Automatic Egg Incubator

Many factors contribute to the high demand for egg incubator around the world. A person who is interested in birds would like to raise ornamental birds, but he couldn’t find or obtain a broody bird as such; nonvegetarians eat birds, but they are often forced to eat birds raised through artificial injections; and in many cases, even if we have an egg in hand, we can’t hatch the egg naturally because it is difficult to find the bird and get it hatched, etc. All of these factors highlight the significance of the Automatic Egg Incubator project.

The project represented here uses ATMEL AVR ATMEGA32 to implement an Automatic Egg Incubator. Incubation temperature, relative humidity inside the incubator, ventilation, and egg turning are the four main parameters in any bird hatching. The hatching temperature, optimum relative humidity, the number of days for hatching, and other factors are determined by the bird species. The incubation area is a sealed chamber with a variety of mechanisms and controls. For easy egg rotation, there is a carrier that holds the eggs inside the chamber.

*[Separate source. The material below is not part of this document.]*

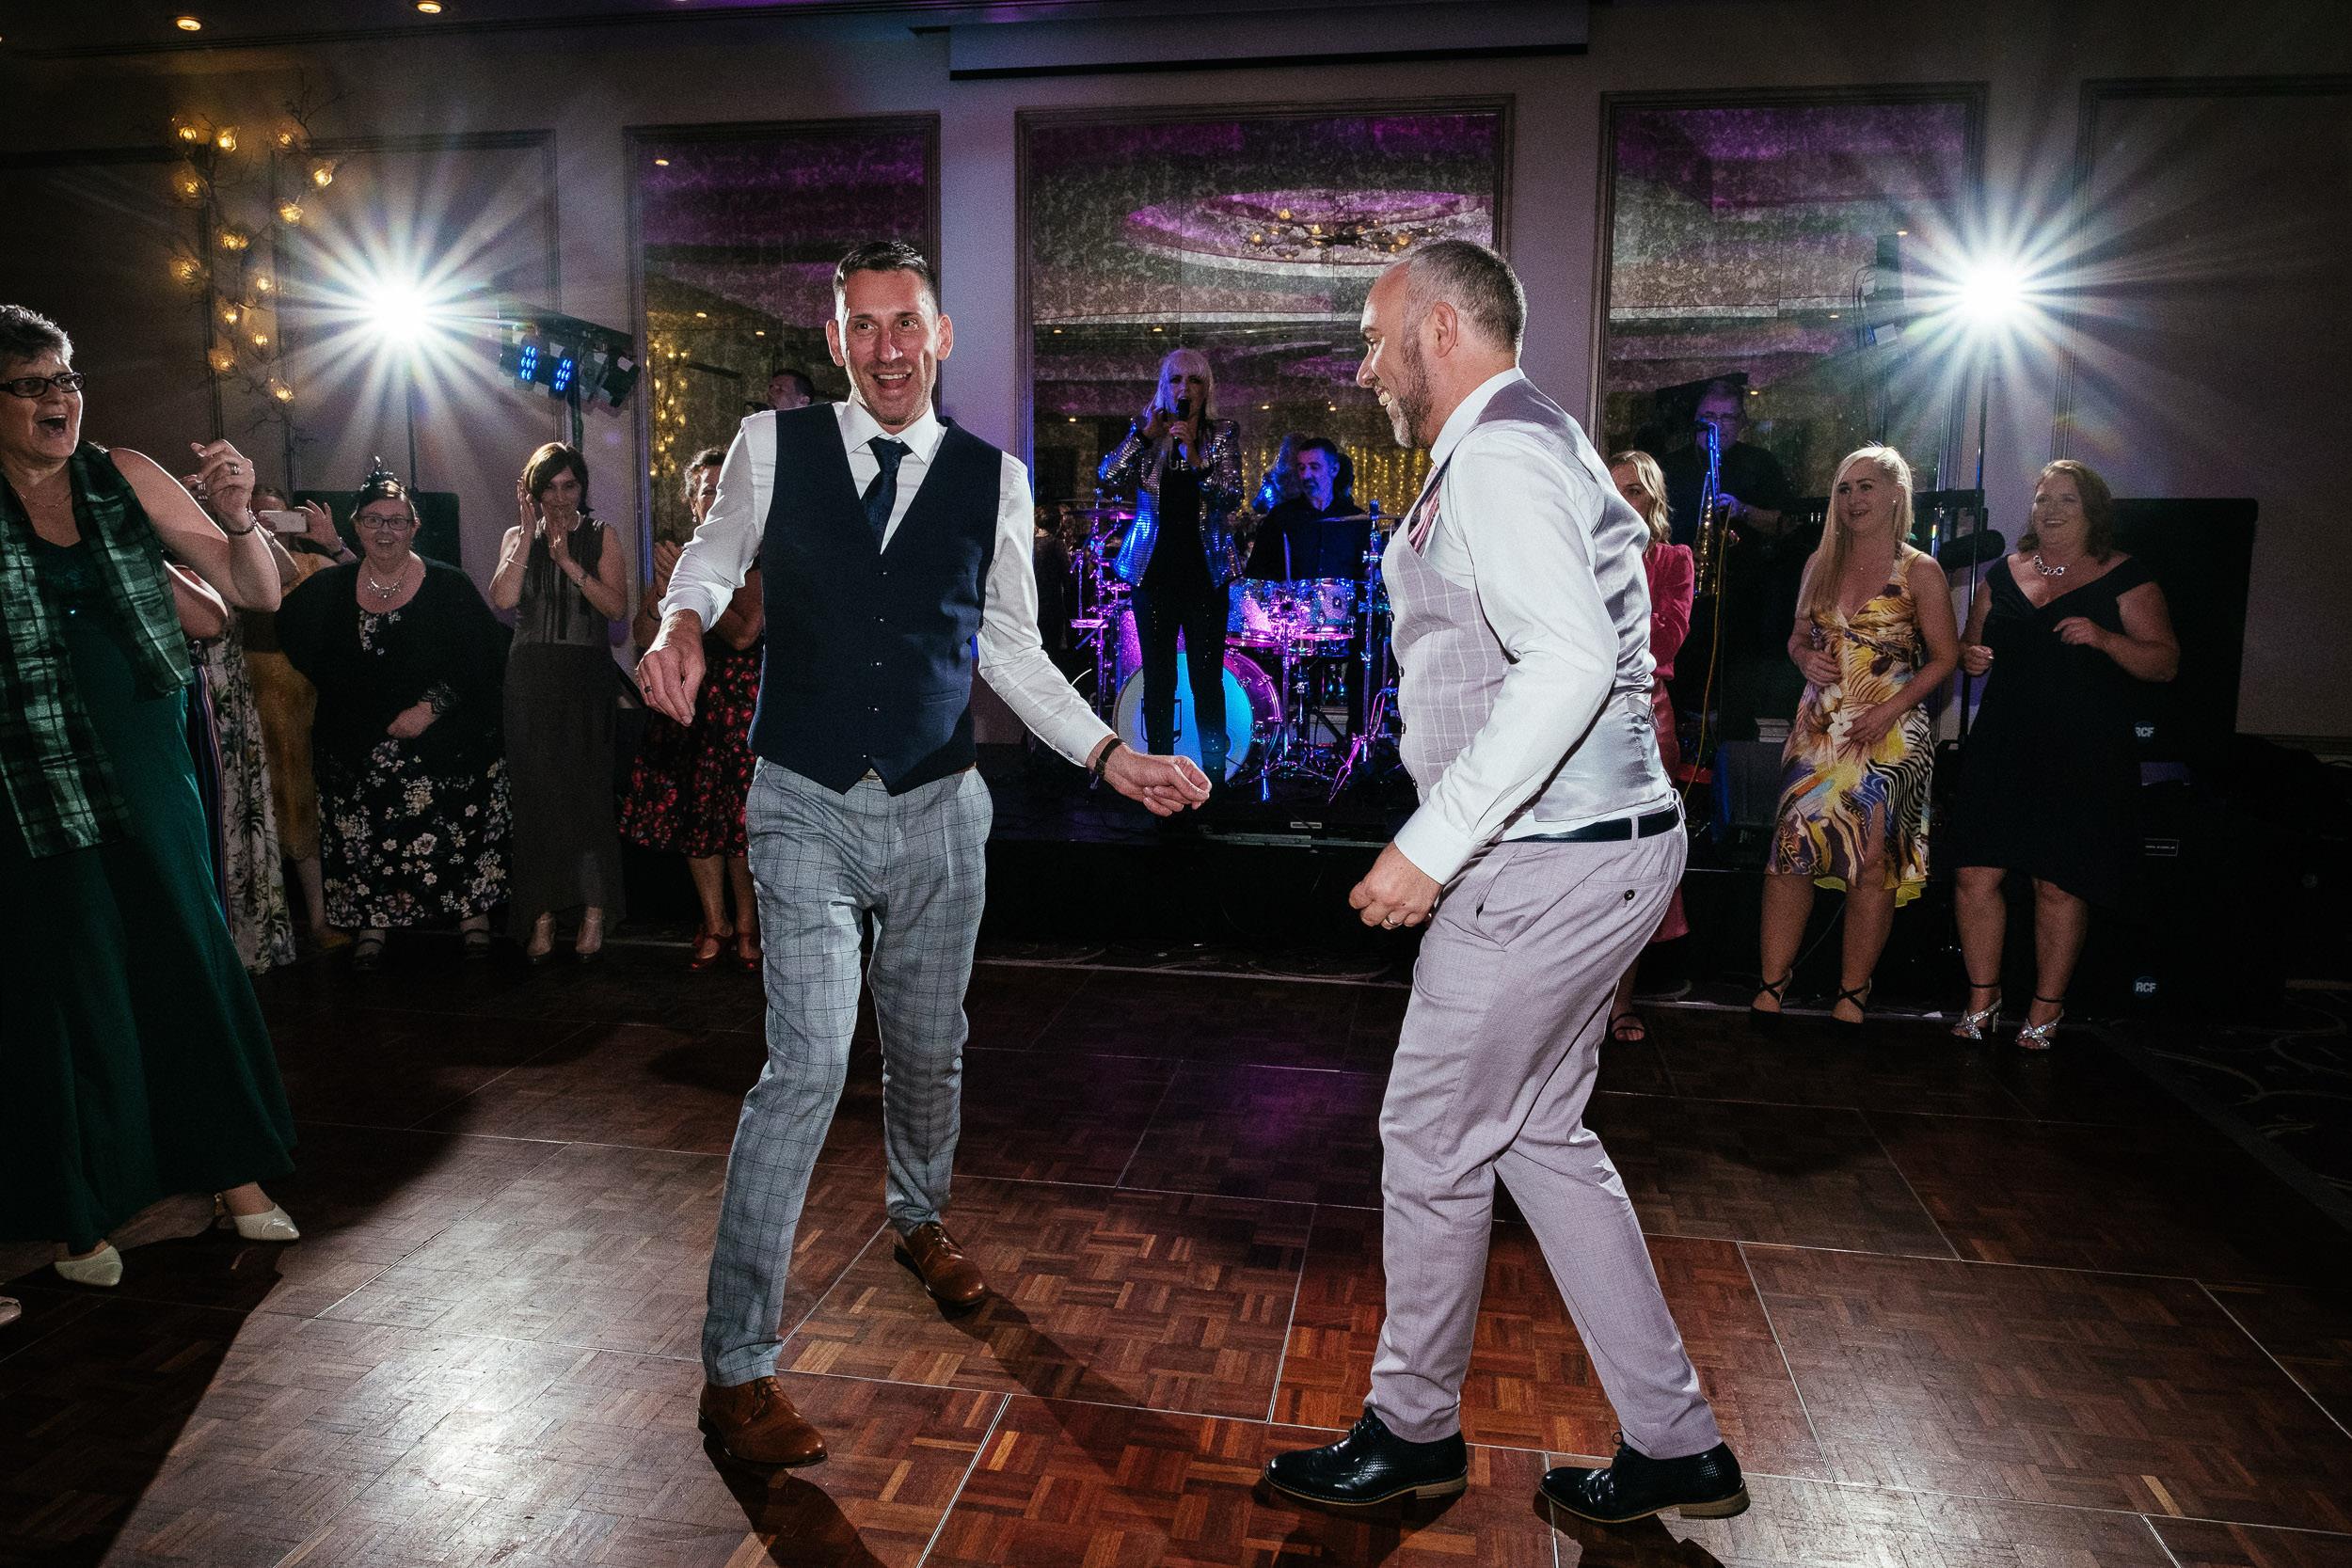 tonyshirley.co.uk: Gay men in Meath, Ireland
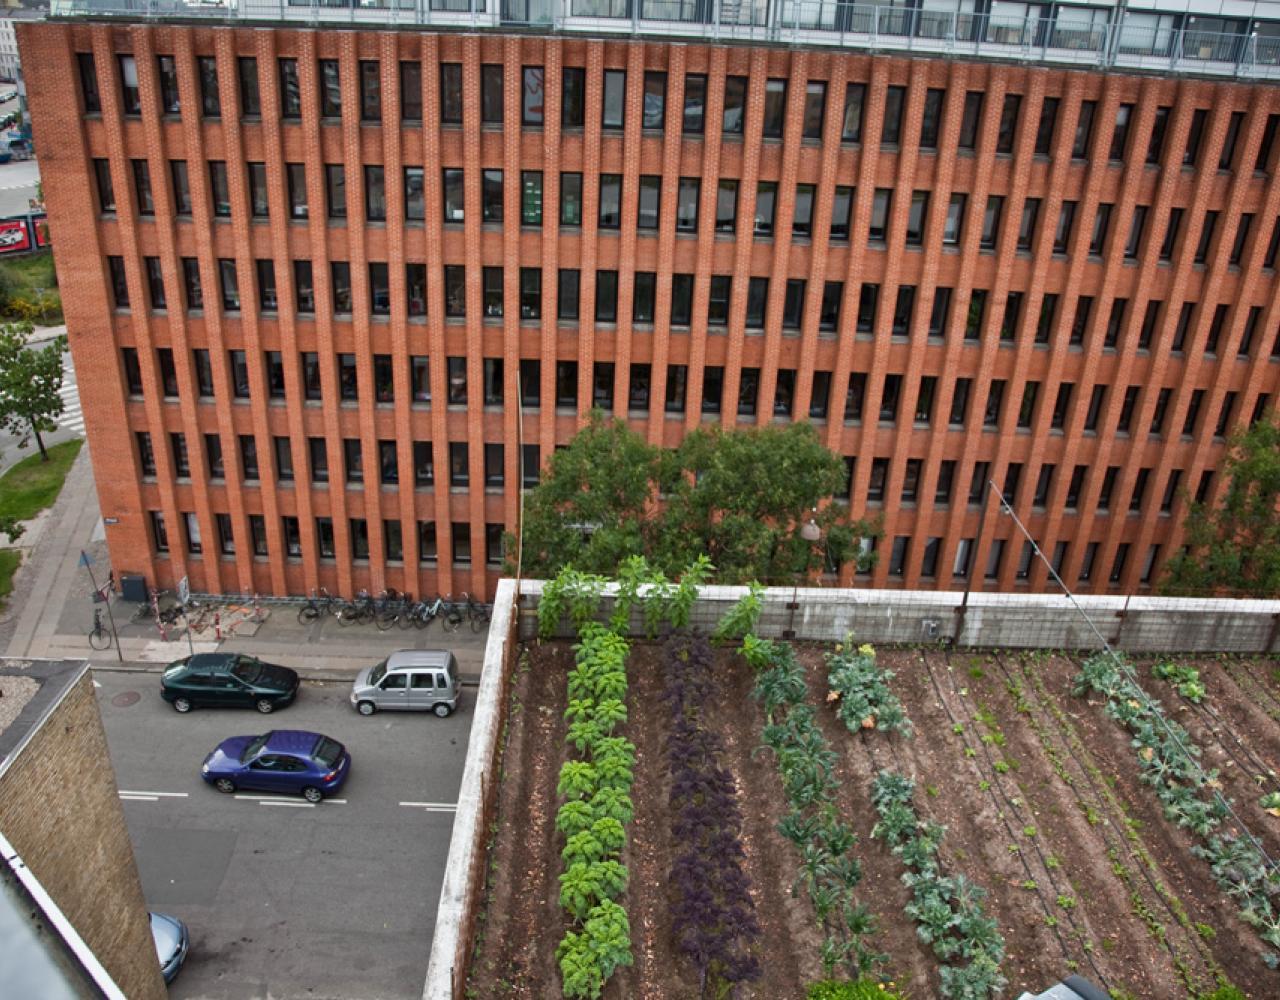 østergro tagfarm Foto: Bent Larsen

Each of the four vectors mentioned above is so important that failure in any of them can result in the loss of the entire hatch. The temperature of the incubation determines the batch’s quality. Low and high temperatures both reduce hatchability and result in weak chicks. Keeping the incubation temperature at the optimal level is therefore critical. Mixing maintains temperature and humidity uniformity within the chamber, preventing any factors from becoming localized. Aeration introduces new oxygen into the system while removing carbon dioxide gas produced by eggshells. Egg turning ensures that the albumen is thoroughly mixed in order to provide adequate nutrients. When viewed holistic way, all of the above factors are important, and overall stability must be achieved by adjusting all of them. AVR ATMEGA32 maintains this equilibrium perfectly by using the features and peripherals available to it.

The design files and related documents describe how the entire system is configured and how ATMEGA32 manages those four vectors. There are two digital thermometer chips. The DS1631 serves as dry and wet electronic thermometers, the DS1307 serves as the system’s timekeeping RTC, and the LCD provides the live status of the incubator. The ATMEGA32 microcontroller’s TWI is used by both digital thermometer chips and the RTC.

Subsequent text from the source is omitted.